On di, 2013-09-10 at 14:48 -0700, Gregory Farnum wrote:
> On Tue, Sep 10, 2013 at 2:36 PM, Oliver Daudey <oliver@xxxxxxxxx> wrote:
> > Hey Gregory,
> >
> > My cluster consists of 3 nodes, each running 1 mon, 1 osd and 1 mds.  I
> > upgraded from 0.67, but was still running 0.61.7 OSDs at the time of the
> > upgrade, because of performance-issues that have just recently been
> > fixed.  These have now been upgraded to 0.67.3, along with the rest of
> > Ceph.  My OSDs are using XFS as the underlying FS.  I have been
> > switching one OSD in my cluster back and forth between 0.61.7 and some
> > test-versions, which where based on 0.67.x, to debug aforementioned
> > performance-issues with Samuel, but that was before I newfs'ed and
> > started using this instance of CephFS.  Furthermore, I don't seem to
> > have lost any other data during these tests.
> 
> Sam, any idea how we could have lost an object?

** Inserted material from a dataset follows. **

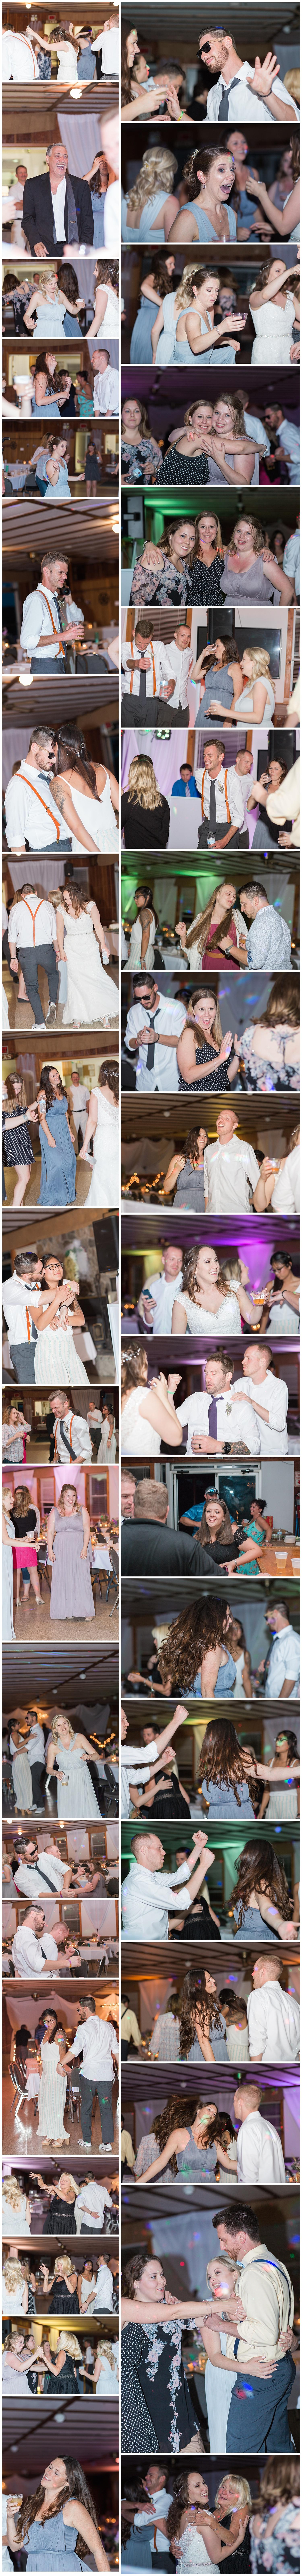 The Martin wedding - Lass & Beau-2164_Buffalo wedding photography.jpg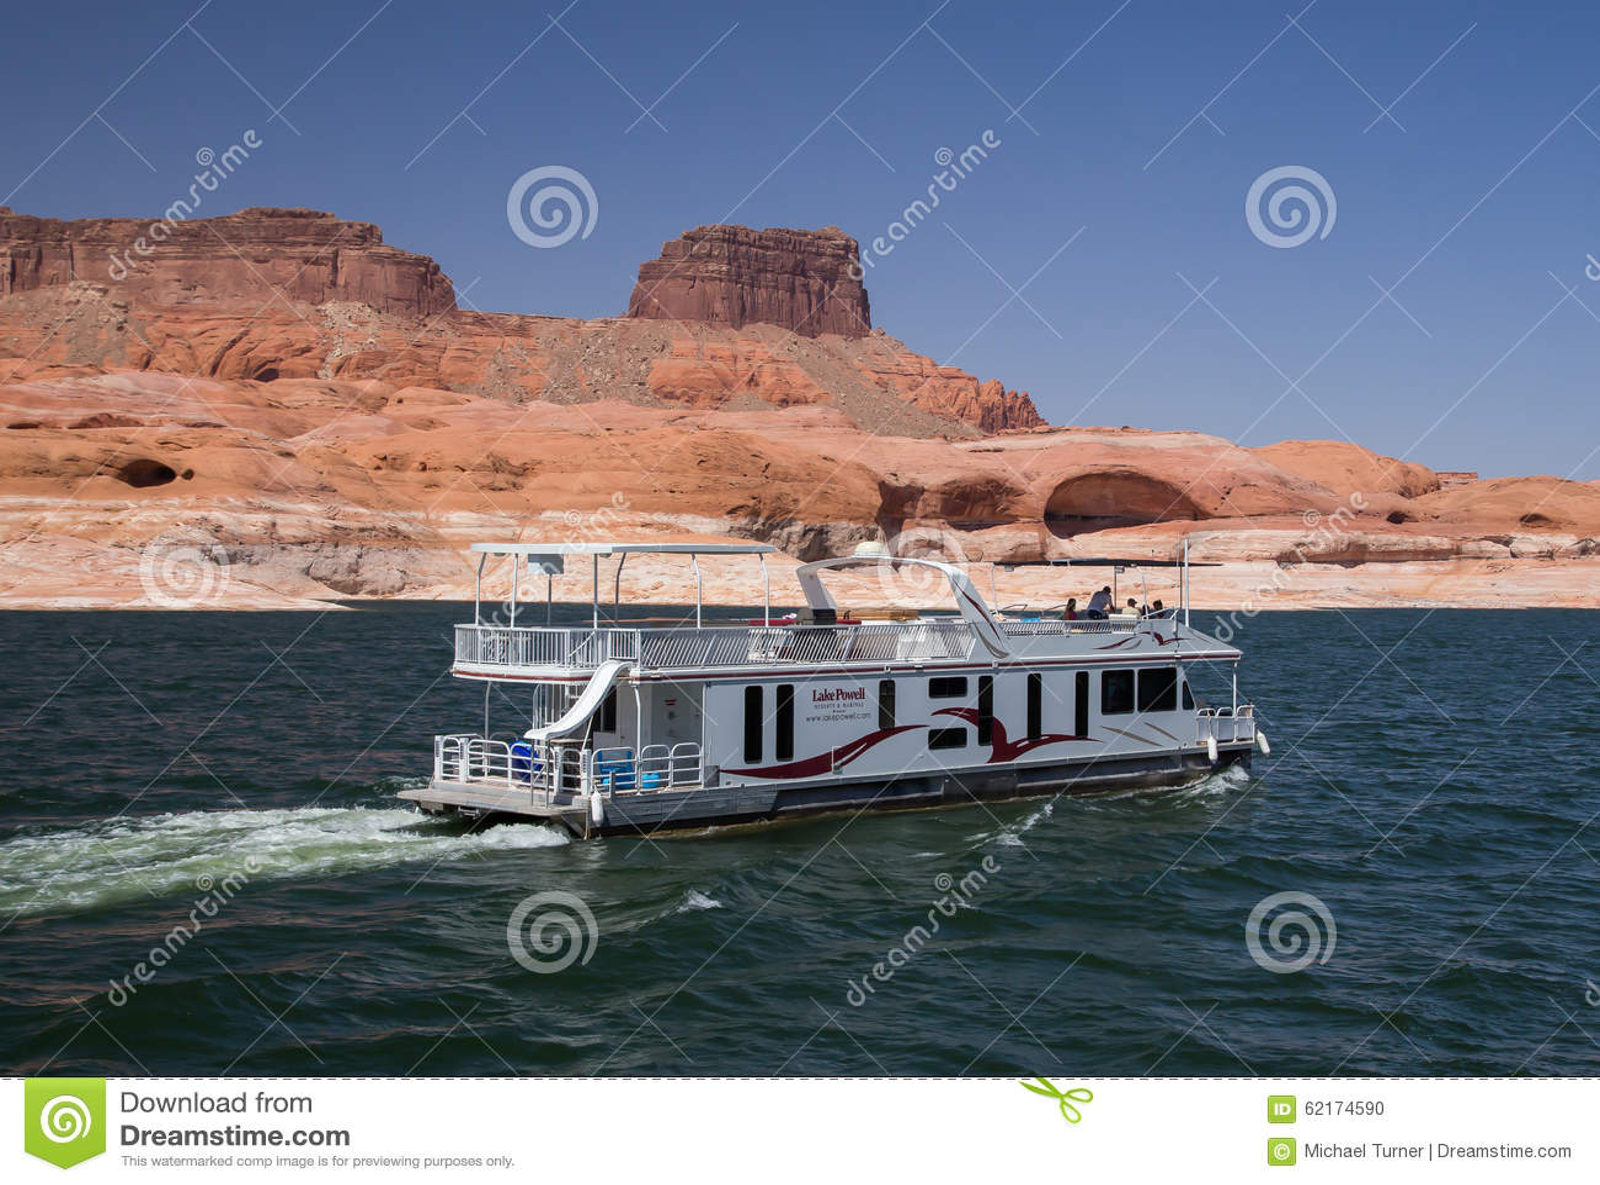 Houseboat On Lake Powell Editorial Image Image Of Pleasure 62174590

I checked into how we
> touch this one, and all we ever do is read_full and write_full.
> 
> >
> > BTW: CephFS has never been very stable for me during stress-tests.  If
> > some components are brought down and back up again during operations,
> > like stopping and restarting all components on one node while generating
> > some load with a cp of a big CephFS directory-tree on another, then,
> > once things settle again, doing the same on another node, it always
> > quickly ends up like what I see now.
> 
> Do you have multiple active MDSes? Or do you just mean when you do a
> reboot while generating load it migrates?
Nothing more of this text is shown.